--- Source records Enclosed Below ---

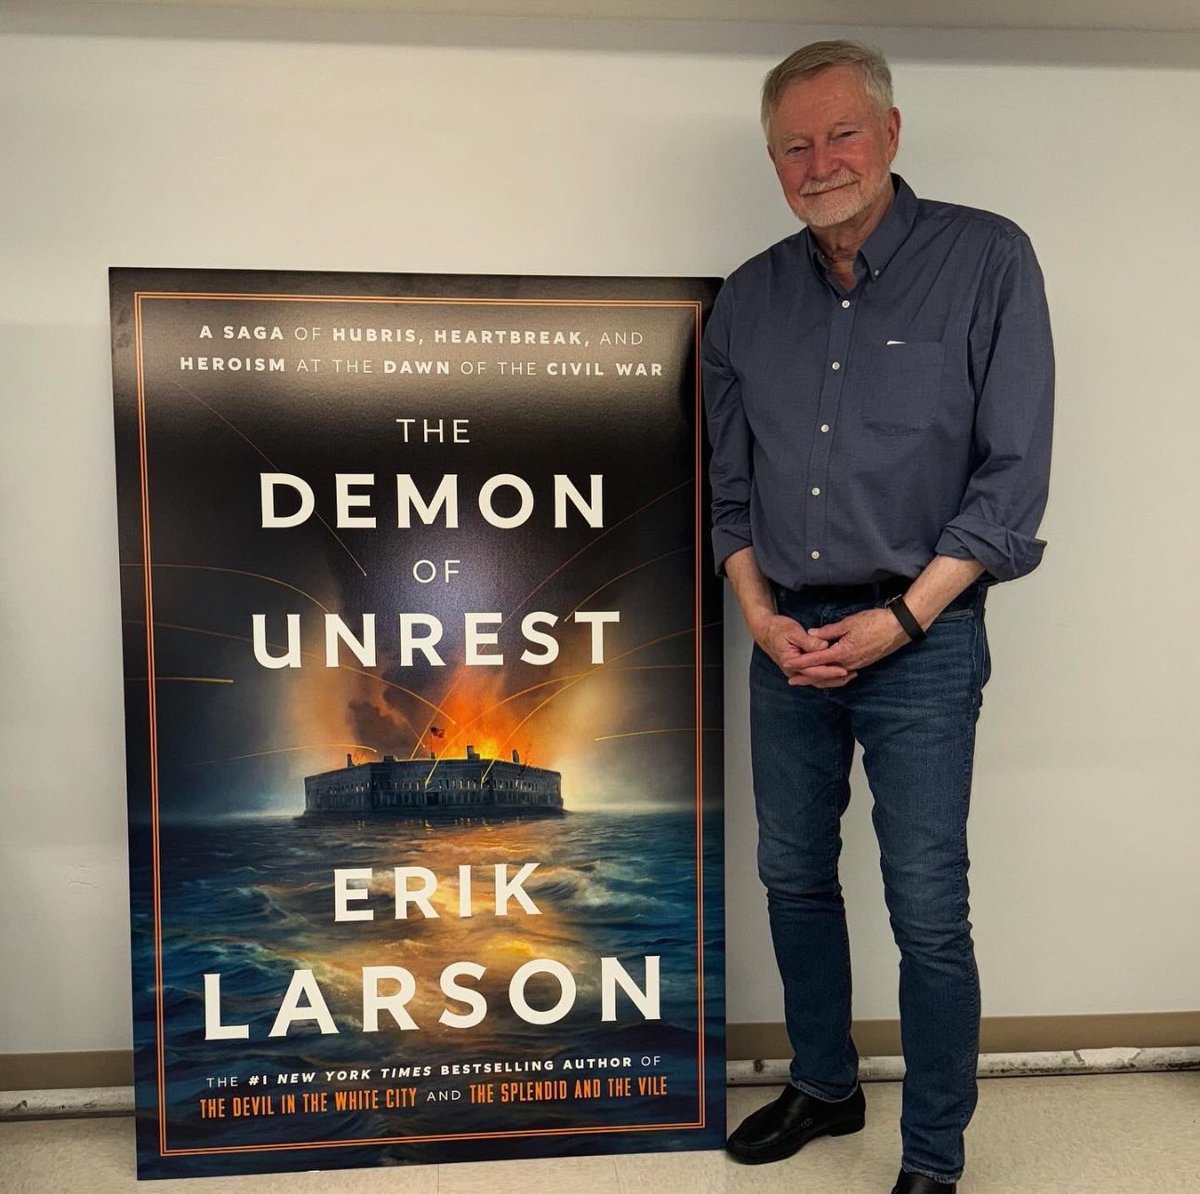 A massive THANK YOU to @exlarson for stopping by to sign his works, as well as copies of his upcoming book, “THE DEMON OF UNREST” — out NOW!!!
.
.
.
#eriklarson #historian #demonofunrest #civilwar #civilwarhistory #bookrecommendations #booksellers #booklovers

--- End of Enclosed Source records ---

● Work request
Every line of the material is to be quoted exactly, with no pictures carried over.

● Result for this task
 A massive THANK YOU to @exlarson for stopping by to sign his works, as well as copies of his upcoming book, “THE DEMON OF UNREST” — out NOW!!!
.
.
.
#eriklarson #historian #demonofunrest #civilwar #civilwarhistory #bookrecommendations #booksellers #booklovers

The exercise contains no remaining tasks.